Note that $m$ is thus the $3^nth$ triangle number. Indeed, $\sqrt{1+8m}$ is an integer only if odd $m$ is triangular, since for integer $k$$$\sqrt{1+\frac{8k(k+1)}{2}}=\sqrt{4k^2+4k+1}=\sqrt{(2k+1)^2}=2k+1$$

Factoring the four $m$:$$45=3^2(3^2+1)/2=3^2\cdot 5$$$$3321=3^4(3^4+1)/2=3^4\cdot 41$$$$926510115949281=3^{16}(3^{16}+1)/2=3^{16}\cdot 21523361$$$$1716841910146257168839018970561=3^{32}(3^{32}+1)/2=3^{32}\cdot 926510094425921$$For even $n$ from $2$ through $32$, only these four $m$ have the form $3^np$, i.e are composed of a power of $3$ and a single odd prime $p$.

This condition appears to be sufficient for$$\frac{-3+\sqrt{1+8m}}{2}=\phi(rad(m))$$and can be proven as follows:

If $$m=3^np$$ then $$rad(m)=3p$$and$$\phi(rad(m))=(3-1)(p-1)=2p-2$$

And again, if$$\sqrt{1+8m}=\sqrt{1+8\cdot \frac{3^n(3^n+1)}{2}}=\sqrt{1+8\cdot \frac{3^{2n}+3^n}{2}}=\sqrt{4\cdot 3^{2n}+4\cdot 3^n+1}=2\cdot 3^n+1$$then$$\frac{-3+\sqrt{1+8m}}{2}=\frac{-3+2\cdot 3^n+1}{2}=3^n-1$$And since$$p=\frac{3^n+1}{2}$$then$$3^n-1=2p-2$$as above, and$$\frac{-3+\sqrt{1+8m}}{2}=\phi(rad(m))$$for all odd $m=3^np$.

Note that $n$ must be even, since if $n$ is odd, then $3^n+1=0(mod4)$, making $\frac{3^n+1}{2}$ even and hence not an odd prime.
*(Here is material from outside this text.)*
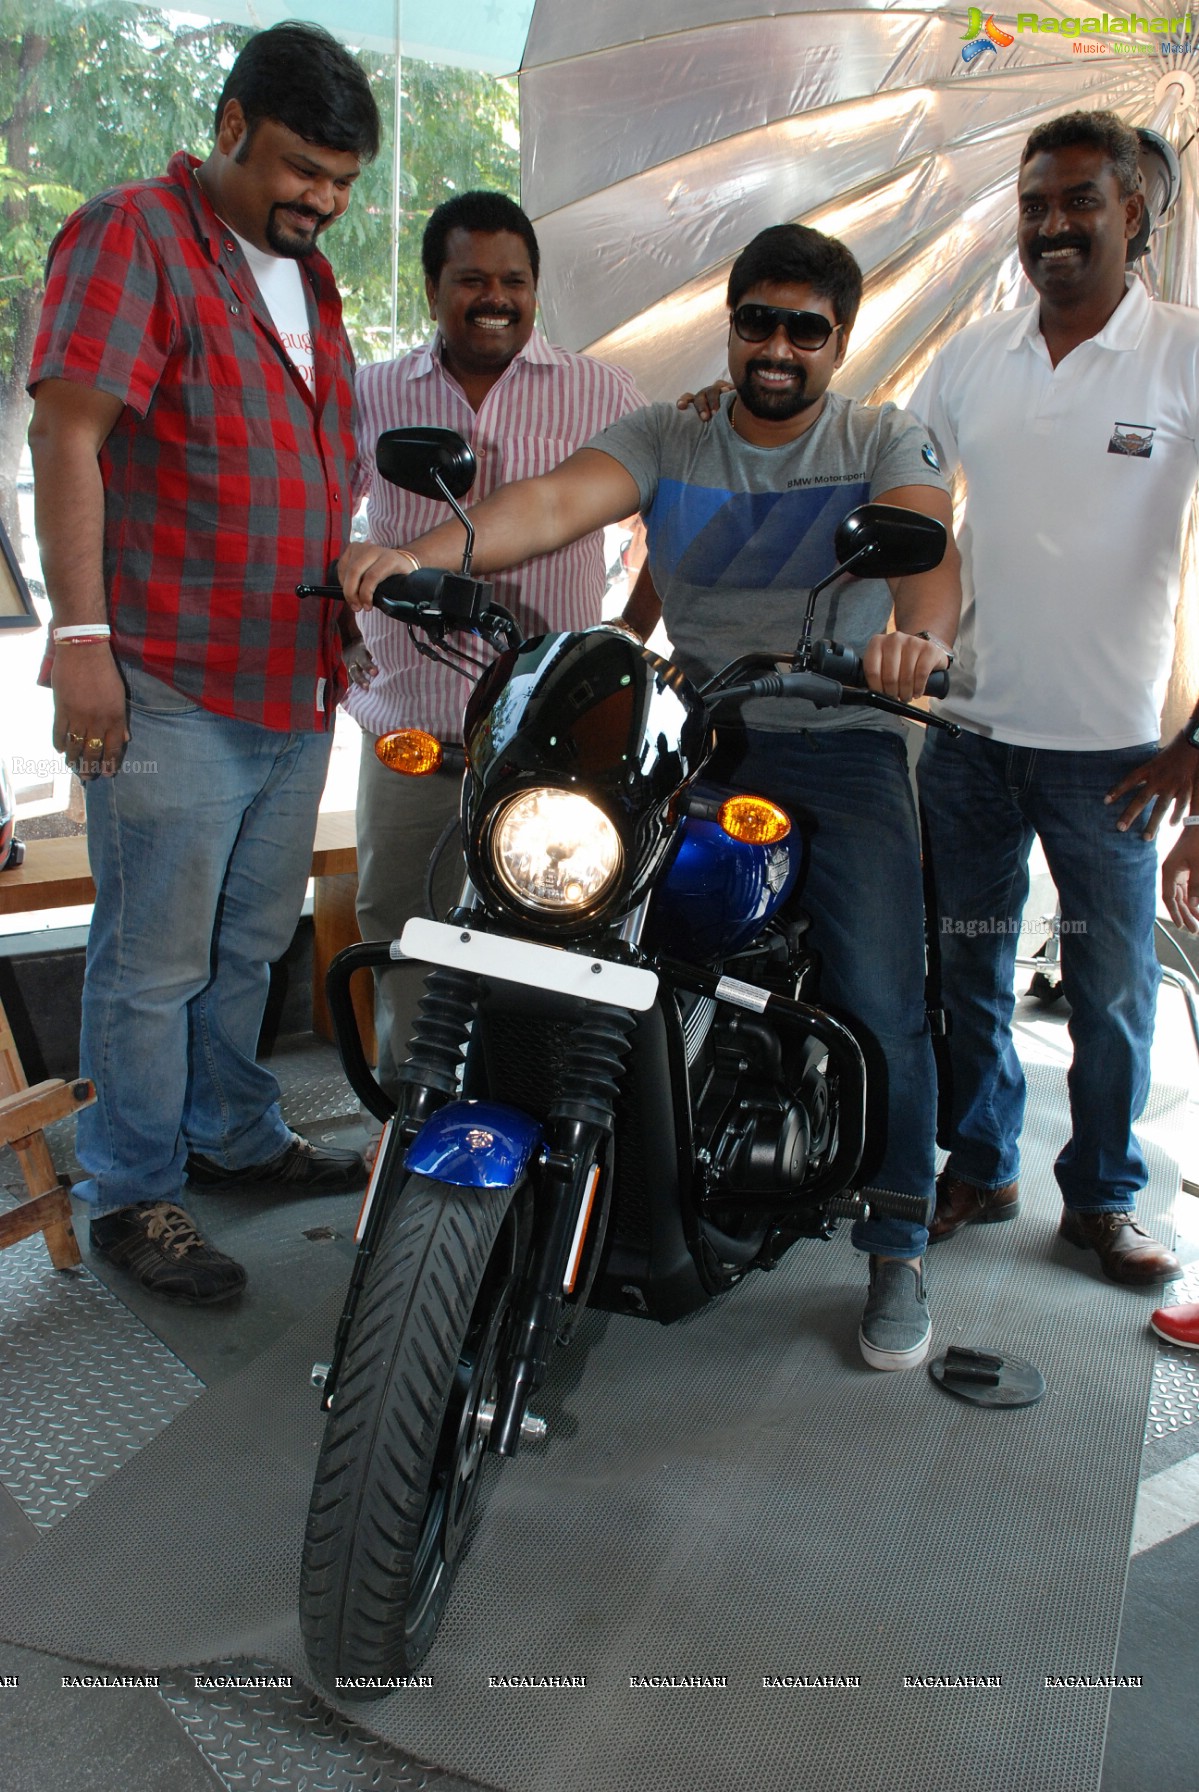 Luxury Brands Display at Harley Davidson Showroom, Hyderabad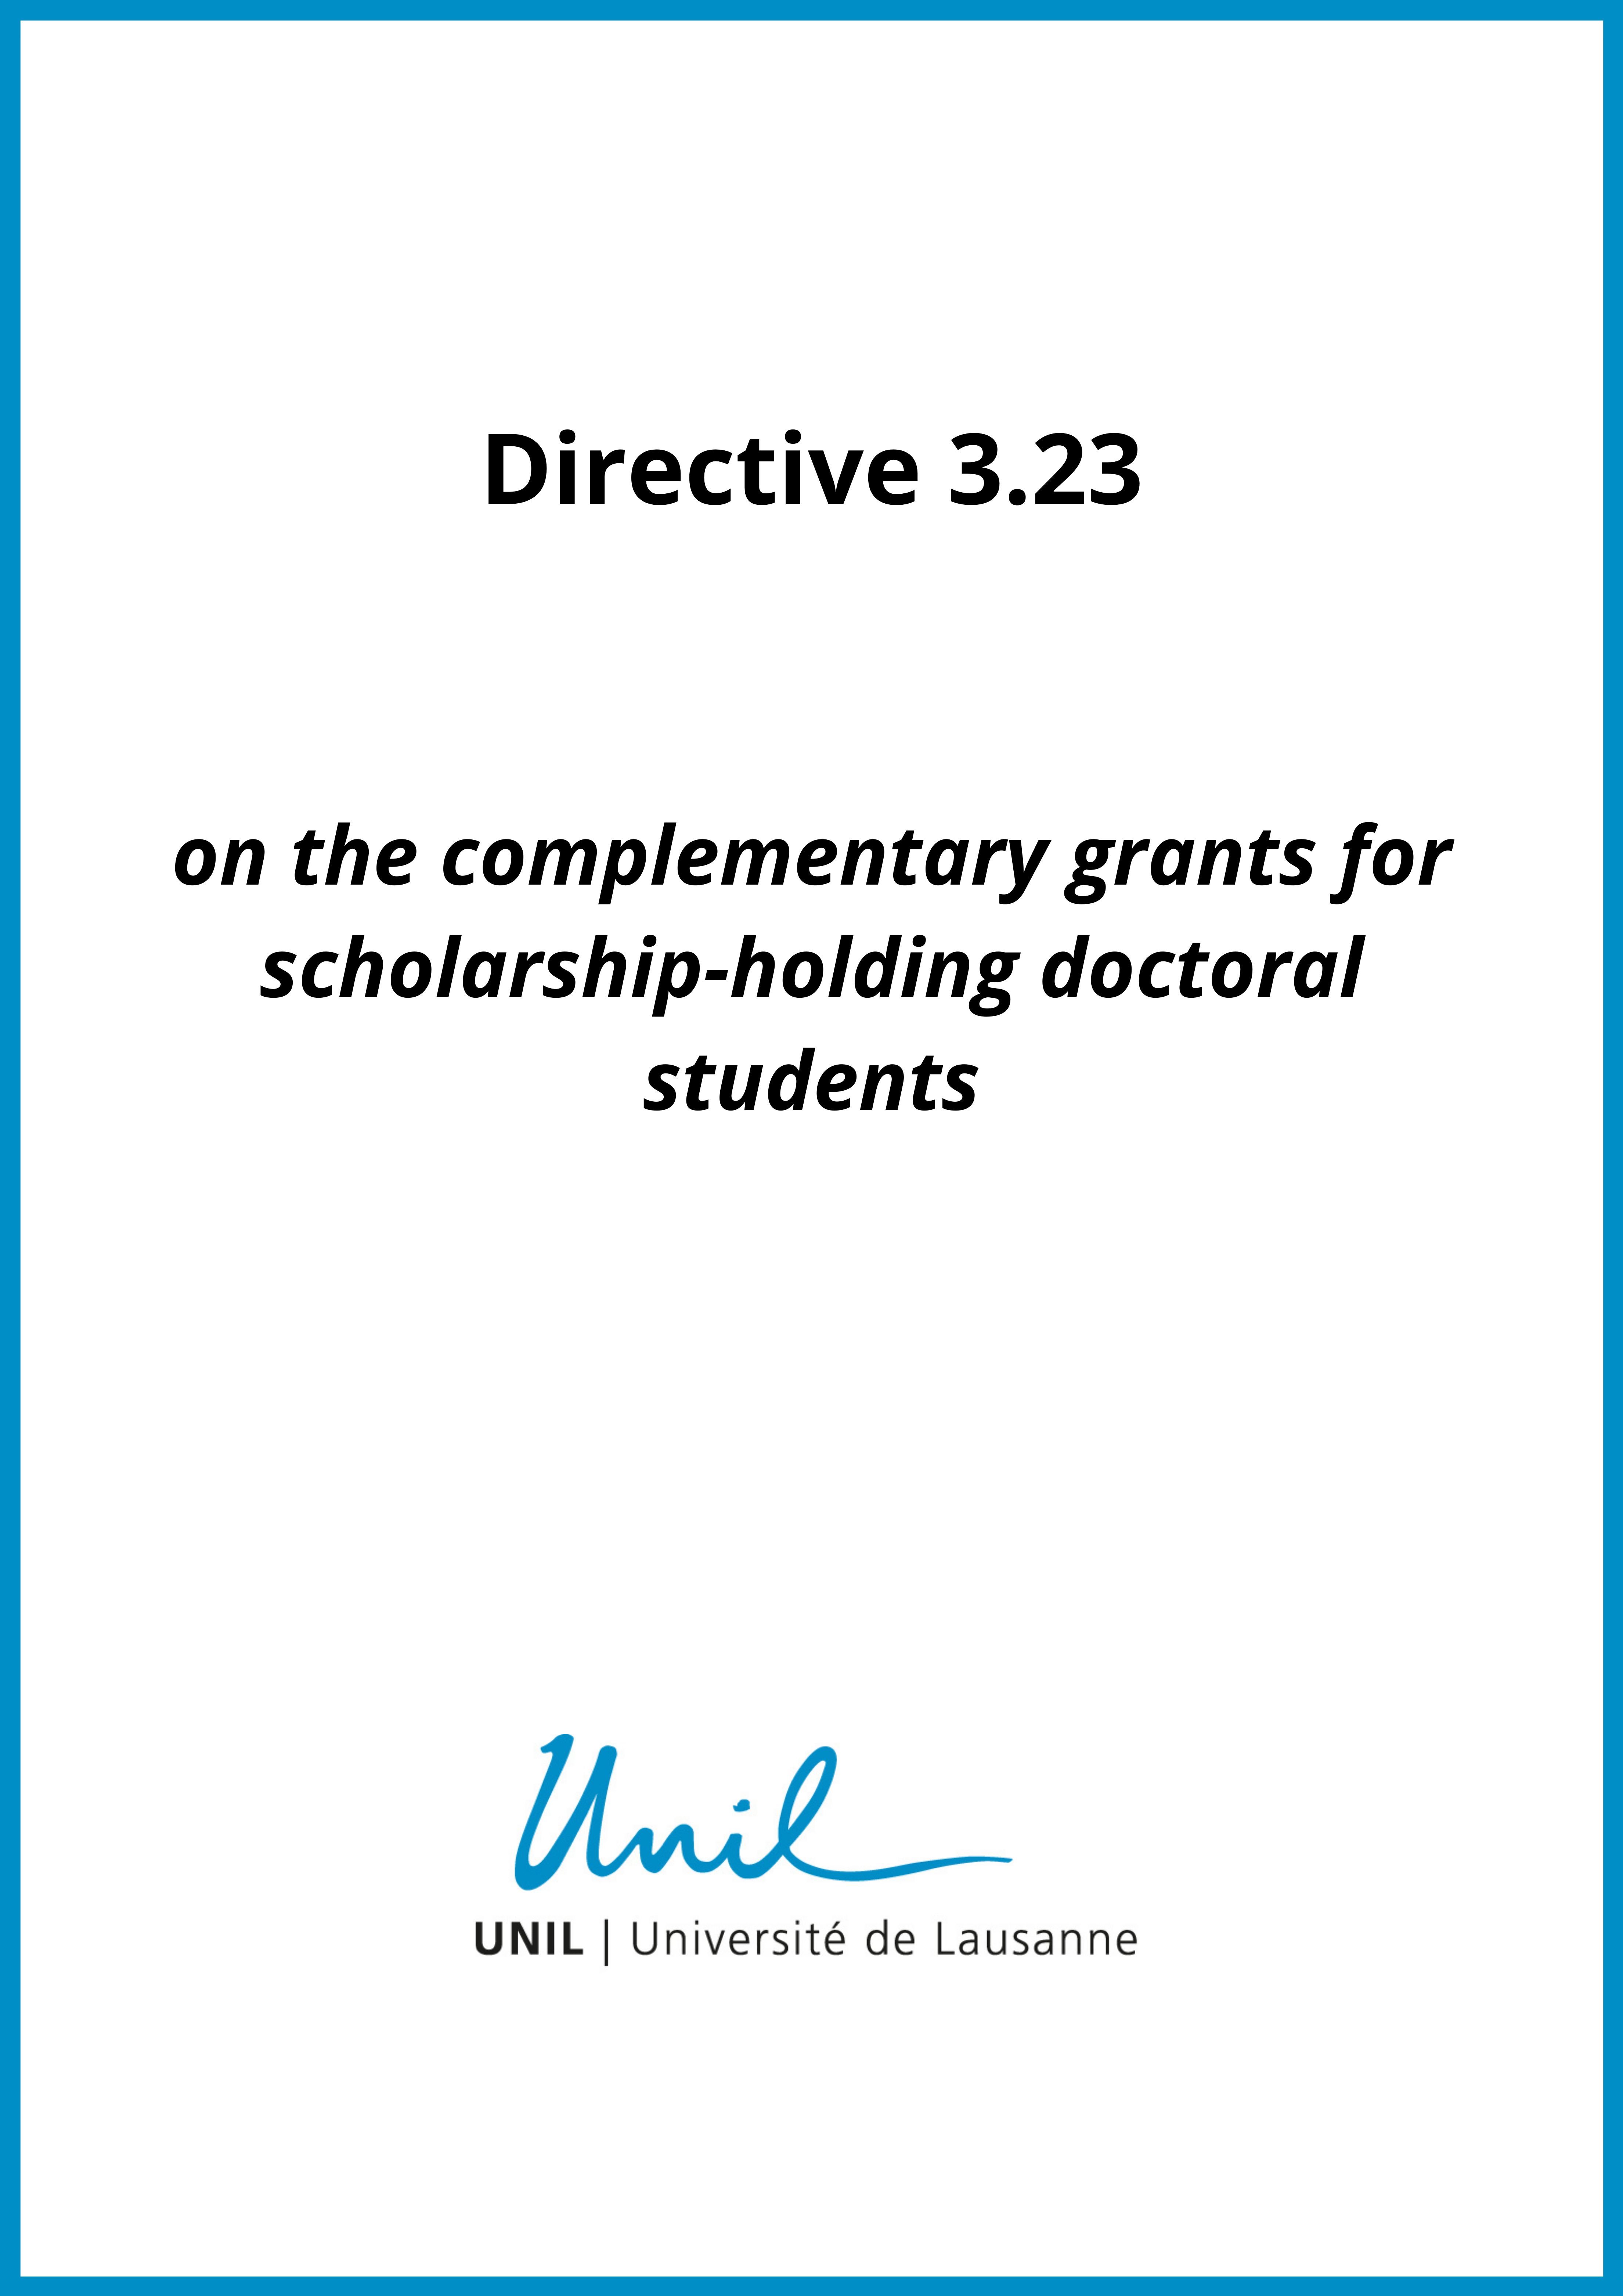 Directive 3.23 (ENG).pdf

At first, I expected the equation might hold for all $n$ equal to a power of $2$, but $n=8$ does not work. Primes are infinitely many, but if we cannot know the law of even $n$ for which $(3^n+1)/2$ is prime, then even if $$\frac{-3+\sqrt{1+8m}}{2}=\phi(rad(m))$$is true for infinitely many odd $m$, it seems that, like the primes themselves, we will have to find them one at a time.

addendum

Further calculation reveals that $\frac{3^n+1}{2}$= $$1716841910146256242328924544641$$is prime for $n=64$, when $m$=$$5895092288869291585760436430707976174749252052380249479093121$$But $\frac{3^n+1}{2}$ is not prime for $n=128, 256, 512$ or $1024$.

More importantly, it appears--and I suppose it can be proven--that $5$ is a divisor of $\frac{3^n+1}{2}$ not only for $n=2$ but for every $n$ which is an odd multiple of $2$. And since all these increasingly large $\frac{3^n+1}{2}$ must contain other prime factors besides $5$, they cannot be prime. This rules out $$n=6, 10, 14, 18, 22...$$or one half of all even $n$, less one.

Similarly, $41$ is a divisor of $\frac{3^n+1}{2}$ for $n=4$ and all odd multiples of $4$, so that $\frac{3^n+1}{2}$ cannot be prime when $n$ is an odd multiple of $4$. This rules out half of the remaining even $n$, less one$$12, 20, 28, 36, 44...$$

Again, since $17$ and $193$ divide $\frac{3^n+1}{2}$ for $n=8$, as well as for all odd multiples of $8$, then$$8, 24, 40, 56, 72...$$or exactly half of the remaining $n$ are ruled out.

Accordingly, since $n$ is even, and an even number which is not an odd multiple of $2, 4, 8, 16, 32 ...$ must be a power of $2$, it seems a necessary but insufficient condition of the primality of $\frac{3^n+1}{2}$ that $n$ be a power of $2$.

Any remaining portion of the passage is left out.